First Slovak president with no communist past wins election
By Tatiana Jancarikova, AFP March 31, 2014, 12:08 am TWN
BRATISLAVA, Slovakia--Political newcomer and millionaire Andrej Kiska emerged out of nowhere to win a landslide in Saturday's presidential run-off, preventing veteran leftist Slovak Prime Minister Robert Fico from tightening his grip on power.
A non-aligned centrist who made his fortune in the consumer-credit business, the 51-year-old Kiska will be Slovakia's first president since independence in 1993 without a past in the Communist party.
"I want to re-establish the people's trust in the office of president," Kiska said in a victory speech at his campaign headquarters in the capital Bratislava.
The millionaire-turned-philanthropist who has given away most of his fortune to charity also vowed to "make politics more human."
Fico, who will likely stay on as prime minister in the runup to a 2016 general election, conceded defeat as results showed Kiska winning a landslide.
Based on results from 99 percent the vote, Kiska scored 59.4 percent of the vote compared to Fico's 40.6 percent result, the election commission said.

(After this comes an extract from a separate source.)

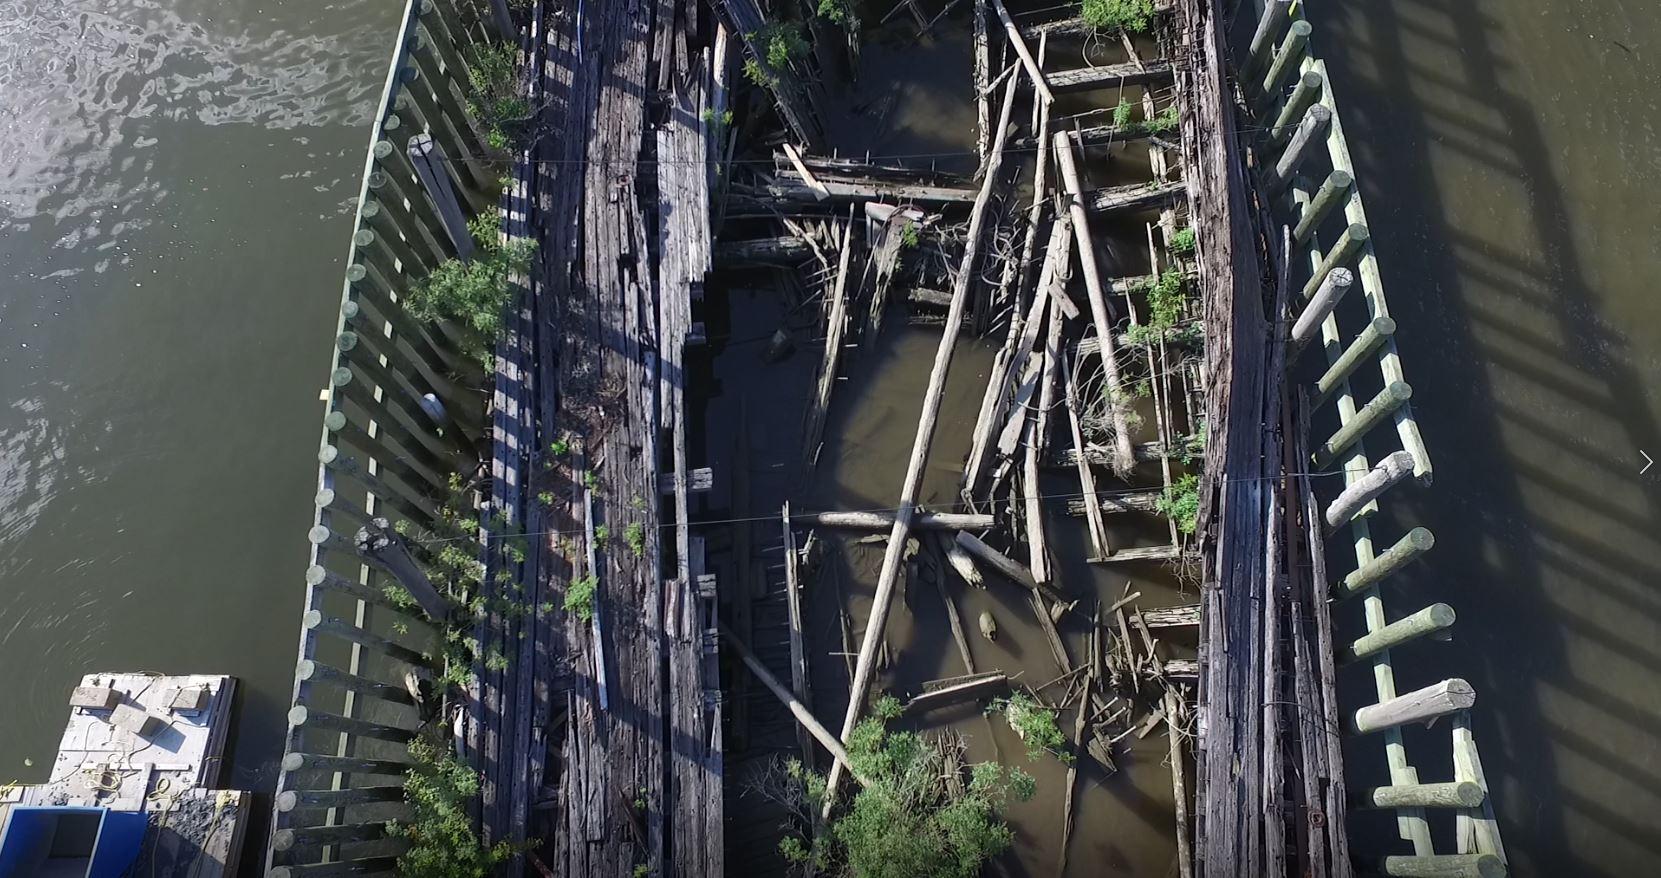 07/01/19 - Aerial footage of Armistead interior -

"This election was a referendum on Fico and his government, and he clearly lost it," Grigorij Meseznikov, Bratislava-based analyst from the Institute for Public Affairs told AFP of the premier's failed attempt to monopolies power.

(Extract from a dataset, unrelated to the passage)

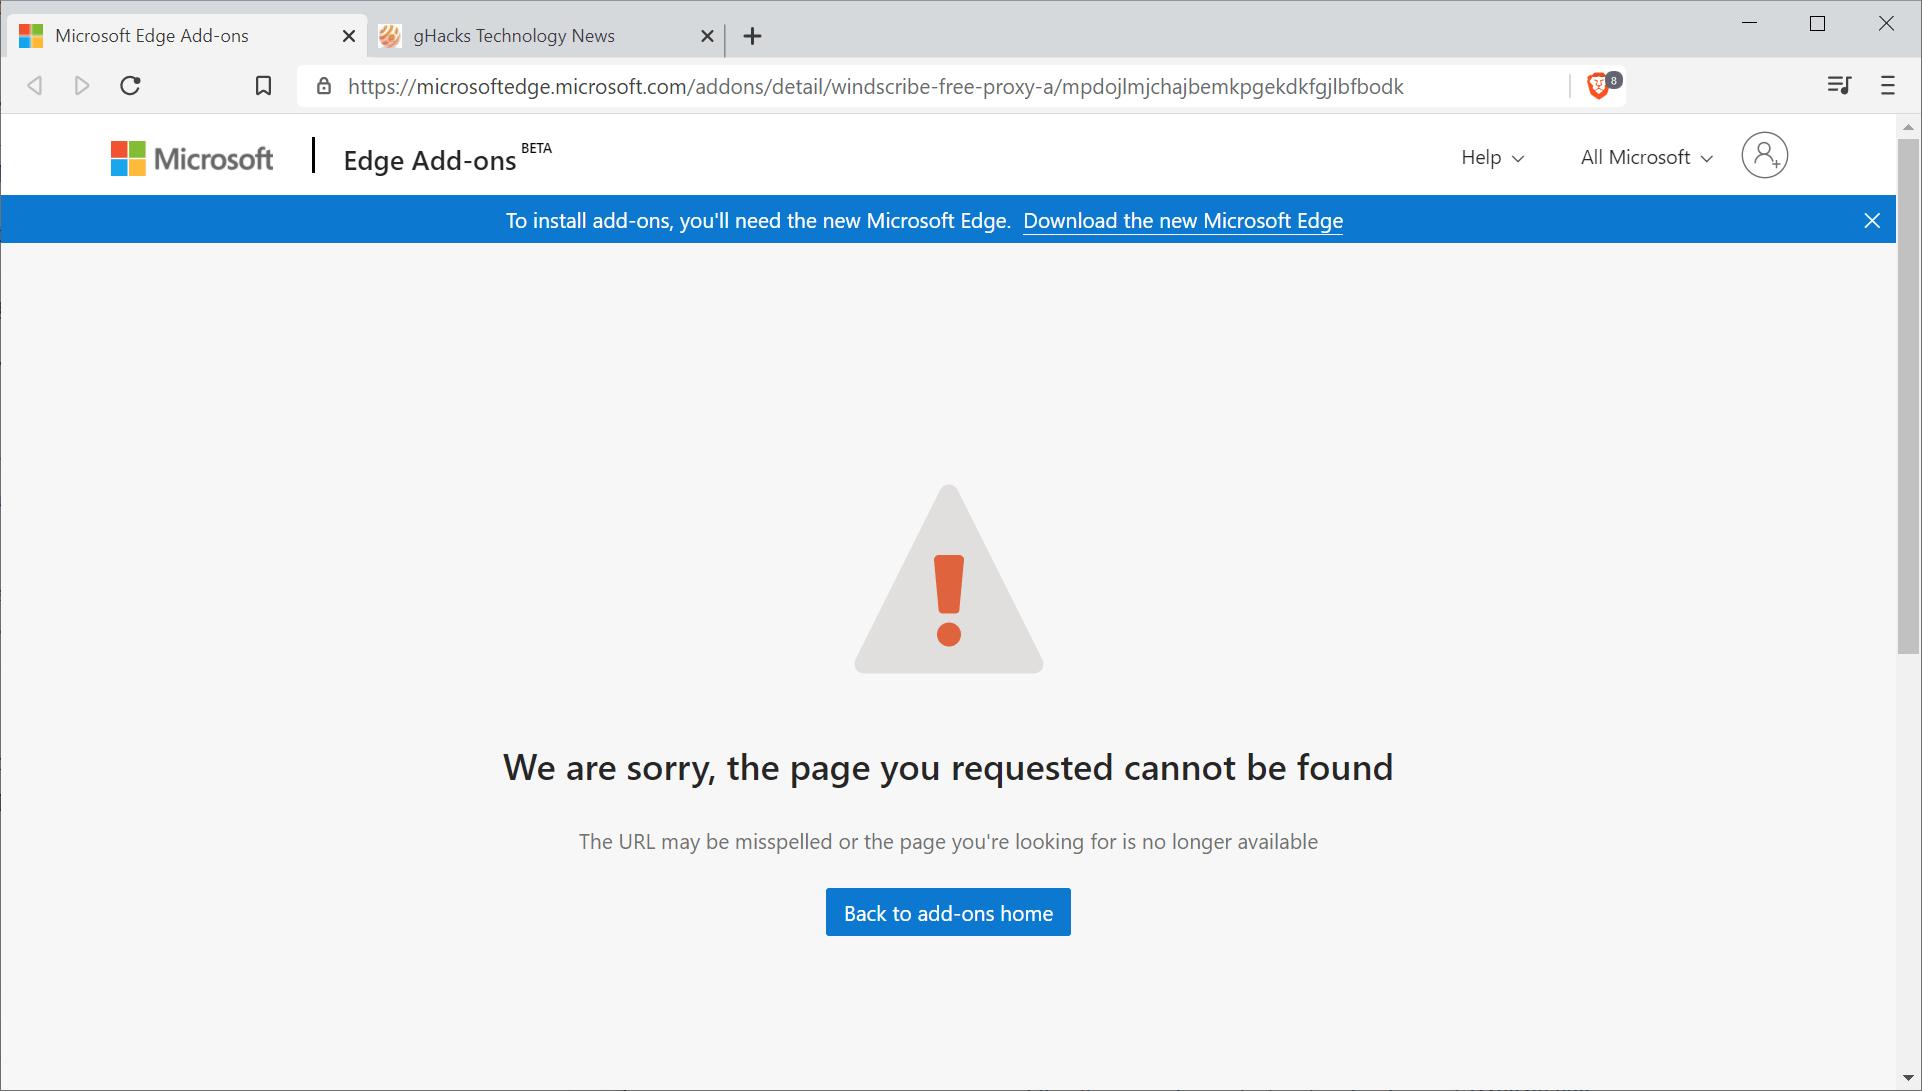 微软边缘扩展假

"The vast majority of voters have expressed their disillusion with Fico, he was unable to mobilize his core voters," he added.
A prospect of Smer winning control of both parliament and the presidency galvanized opponents in the ex-communist country of 5.4 million, which joined the European Union in 2004 and the eurozone in 2009.
Fico's party has a majority 83 seats in the 150-member parliament, with the next general election scheduled for 2016.
Analysts also warned that if he had taken the presidency, Fico could have tried to amend the constitution to boost presidential powers and transform the parliamentary system into a presidential one.
Crucially, Kiska sold himself as a bulwark against a Fico power grab.